10-KPeriod: FY2011

STARBUCKS CORP Annual Report, Year Ended Oct 2, 2011

Filed November 18, 2011For Securities:SBUX

Summary

Starbucks Corporation's 2011 10-K report highlights a year of robust growth and improved profitability, driven by strong performance in its company-operated stores, particularly in the United States, and continued international expansion. The company demonstrated resilience despite headwinds from rising commodity costs, effectively leveraging increased sales and optimizing store-level economics to drive an 8% increase in global comparable store sales. This growth translated into higher operating income and a significant improvement in earnings per share (EPS) to $1.62. Key strategic initiatives included refining store operations through technology upgrades, expanding the food warming program into new markets like China, and successfully transitioning its consumer packaged goods business to a direct distribution model. The company also continued its disciplined approach to store growth, with a primary focus on international markets, while managing its capital effectively through share repurchases and dividend payments. Management expressed confidence in its business model and brand strength, setting a positive outlook for fiscal year 2012.

Financial Statements
Beta
Revenue$11.70B
Cost of Revenue$4.92B
Gross Profit$6.78B
Operating Expenses$10.18B
Operating Income$1.73B
Interest Expense$33.30M
Net Income$1.25B
EPS (Basic)$0.83
EPS (Diluted)$0.81
Shares Outstanding (Basic)1.50B
Shares Outstanding (Diluted)1.54B

Key Highlights

  • 1Consolidated net revenues increased by 9% to $11.7 billion, primarily driven by an 8% rise in global comparable store sales.
  • 2Operating income grew to $1.7 billion, with operating margin expanding to 14.8% from 13.3% in the prior year, despite higher commodity costs.
  • 3EPS rose to $1.62, up from $1.24 in the previous year, aided by improved sales leverage and certain one-time gains.
  • 4Company-operated stores generated 82.3% of total net revenues, with the US segment accounting for the majority of sales.
  • 5International net revenues increased by 15%, reflecting foreign currency translation benefits and a 5% rise in comparable store sales.
  • 6The company successfully transitioned its consumer packaged goods (CPG) distribution to a direct model, contributing to a 22% revenue increase in that segment.
  • 7Starbucks returned approximately $945 million to shareholders through share repurchases and dividends in fiscal 2011.

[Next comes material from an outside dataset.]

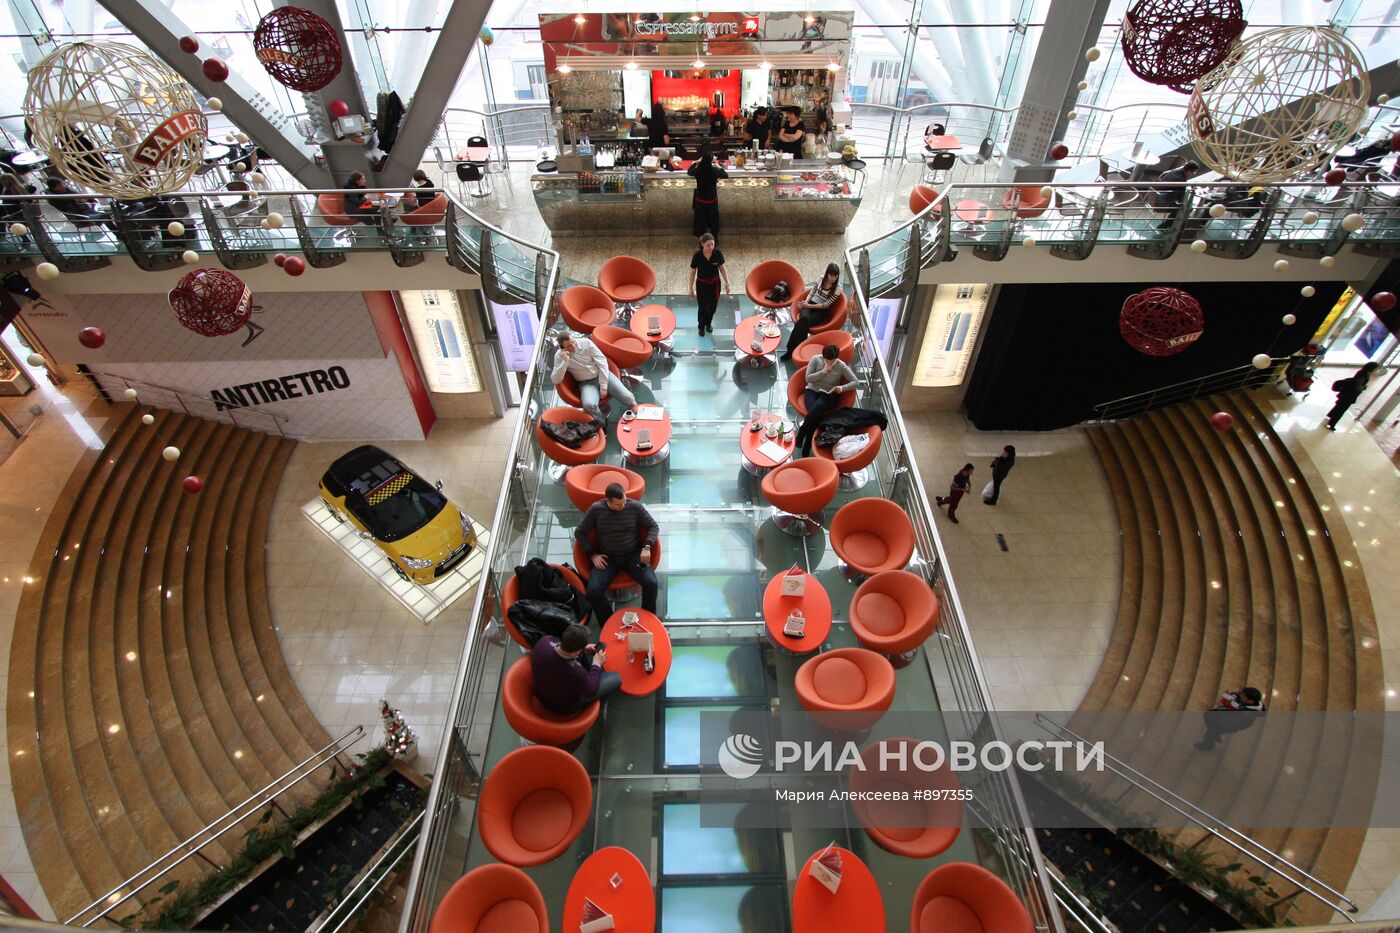 Торговый центр "Европейский" в Москве

Frequently Asked Questions

Starbucks reported strong financial performance in fiscal year 2011, with a 9% increase in consolidated net revenues to $11.7 billion. This growth was driven by an 8% increase in global comparable store sales. Operating income increased to $1.7 billion, and earnings per share (EPS) rose to $1.62, reflecting improved sales leverage and operational efficiencies despite higher commodity costs.

The US segment, which represents the largest portion of revenue (69%), saw a 6% increase in total net revenues, primarily due to an 8% rise in comparable store sales. The International segment, contributing 22% of total net revenues, experienced a 15% revenue increase, boosted by favorable foreign currency translation and a 5% rise in comparable store sales.

Key strategic initiatives included refining store operations through technology upgrades, expanding the food warming program into markets like China, successfully transitioning the consumer packaged goods (CPG) business to a direct distribution model, and continuing disciplined global store expansion, with a focus on international markets. The company also returned capital to shareholders through share repurchases and dividends.

For fiscal year 2012, Starbucks anticipated moderate revenue growth, driven by mid-single-digit comparable store sales growth, new store openings, and strong performance in the CPG business. The company also projected modest improvements in consolidated operating margin and EPS, while planning for increased capital expenditures related to store renovations and manufacturing capacity.